Colletotrichum truncatum

Scientific classification
- Domain: Eukaryota
- Kingdom: Fungi
- Division: Ascomycota
- Class: Sordariomycetes
- Order: Glomerellales
- Family: Glomerellaceae
- Genus: Colletotrichum
- Species: C. truncatum
- Binomial name: Colletotrichum truncatum (Schwein.) Andrus & W.D. Moore, (1935)
- Synonyms: Colletotrichum dematium f. truncatum (Schwein.) Arx [as 'truncata'], (1957) Vermicularia truncata Schwein.

= Colletotrichum truncatum =

- Genus: Colletotrichum
- Species: truncatum
- Authority: (Schwein.) Andrus & W.D. Moore, (1935)
- Synonyms: Colletotrichum dematium f. truncatum (Schwein.) Arx [as 'truncata'], (1957), Vermicularia truncata Schwein.

Species of fungus

Colletotrichum truncatum is a fungal species and plant pathogen on soybeans.

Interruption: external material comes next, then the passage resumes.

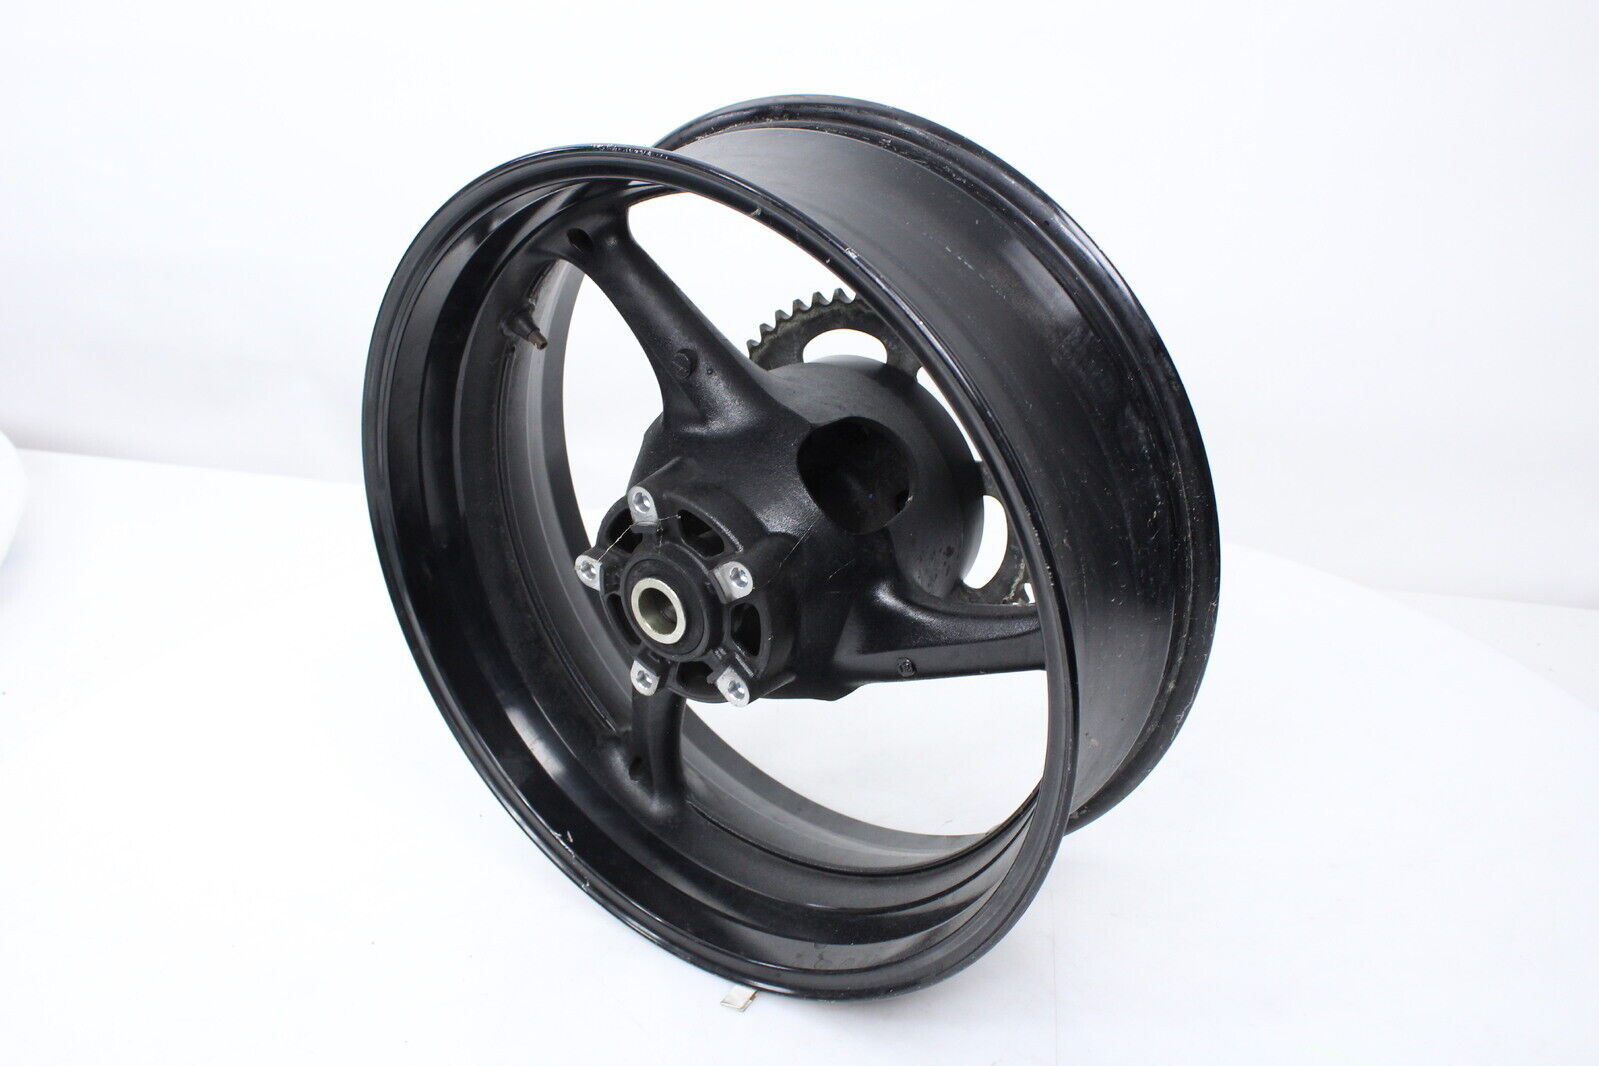 Rear Wheel Rim Hub Sprocket Suzuki GSXR600 11-20 OEM

They are endophytic on Euphorbia hirta with another plant pathogen Uromyces euphorbiae (in the Pucciniaceae family and Pucciniales order).

== Symptoms ==
Symptoms appear as dark red to black lesions on the lower surface of the leaves. They appear as sunken lesions surrounded by a raised brown-black border on the pods, petioles and stems. Very small black fruiting bodies of the fungus are usually visible in older lesions.

Other symptoms include shedding of leaves, flower and pod abortion.

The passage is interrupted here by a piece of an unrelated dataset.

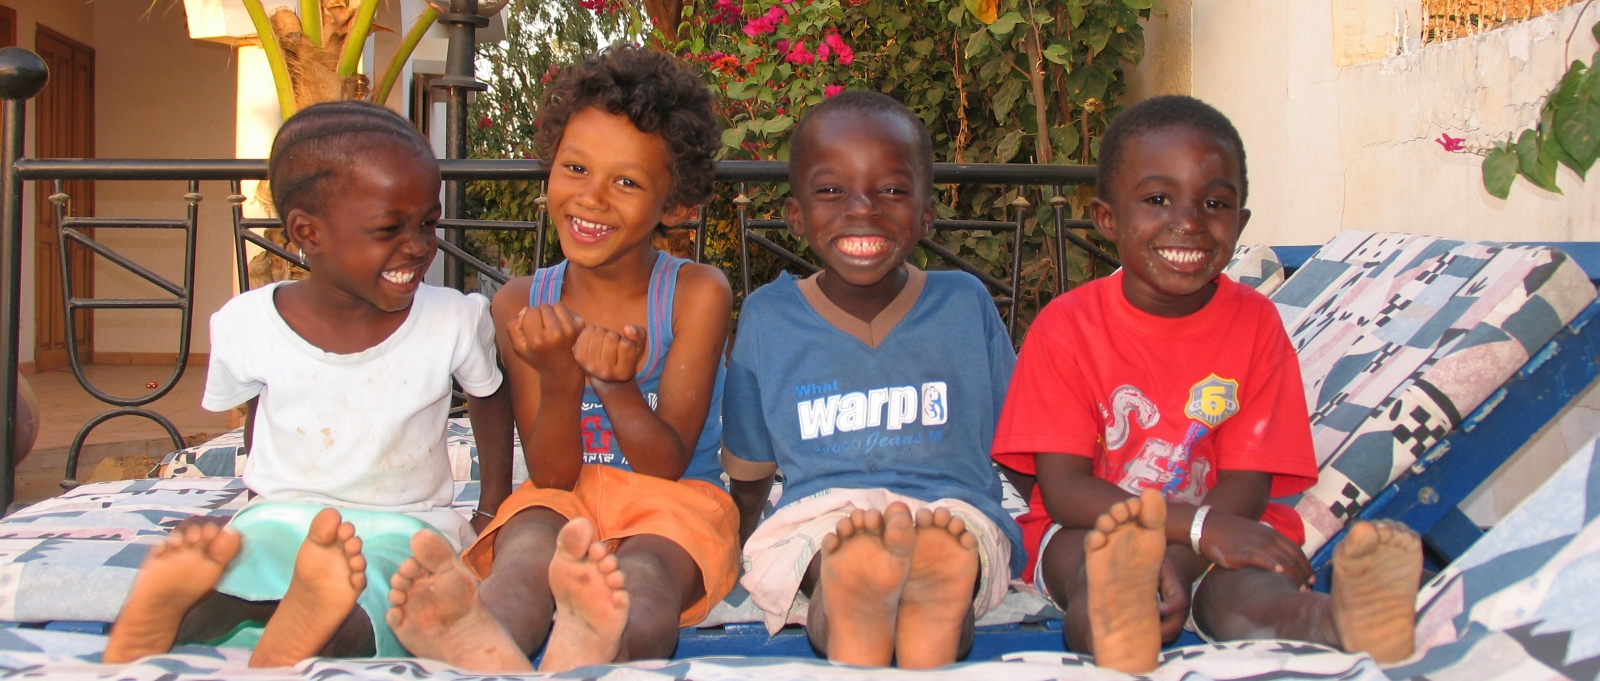 vier jonge Senegalese kindjes die op een ligstoel zitten, lachend voor de foto

Infected seeds appear discoloured with brown or grey staining or dark flecks.

== Management ==
Partners of the CABI-led programme, Plantwise including LUANAR recommend using certified, disease-free seed. If using saved seed, they recommend selecting seeds which are not shriveled mouldy or discoloured. They also recommend rotating soybean with cereals such as maize and sorghum every 2–3 seasons and remove any diseased crop residue and bury any remaining material.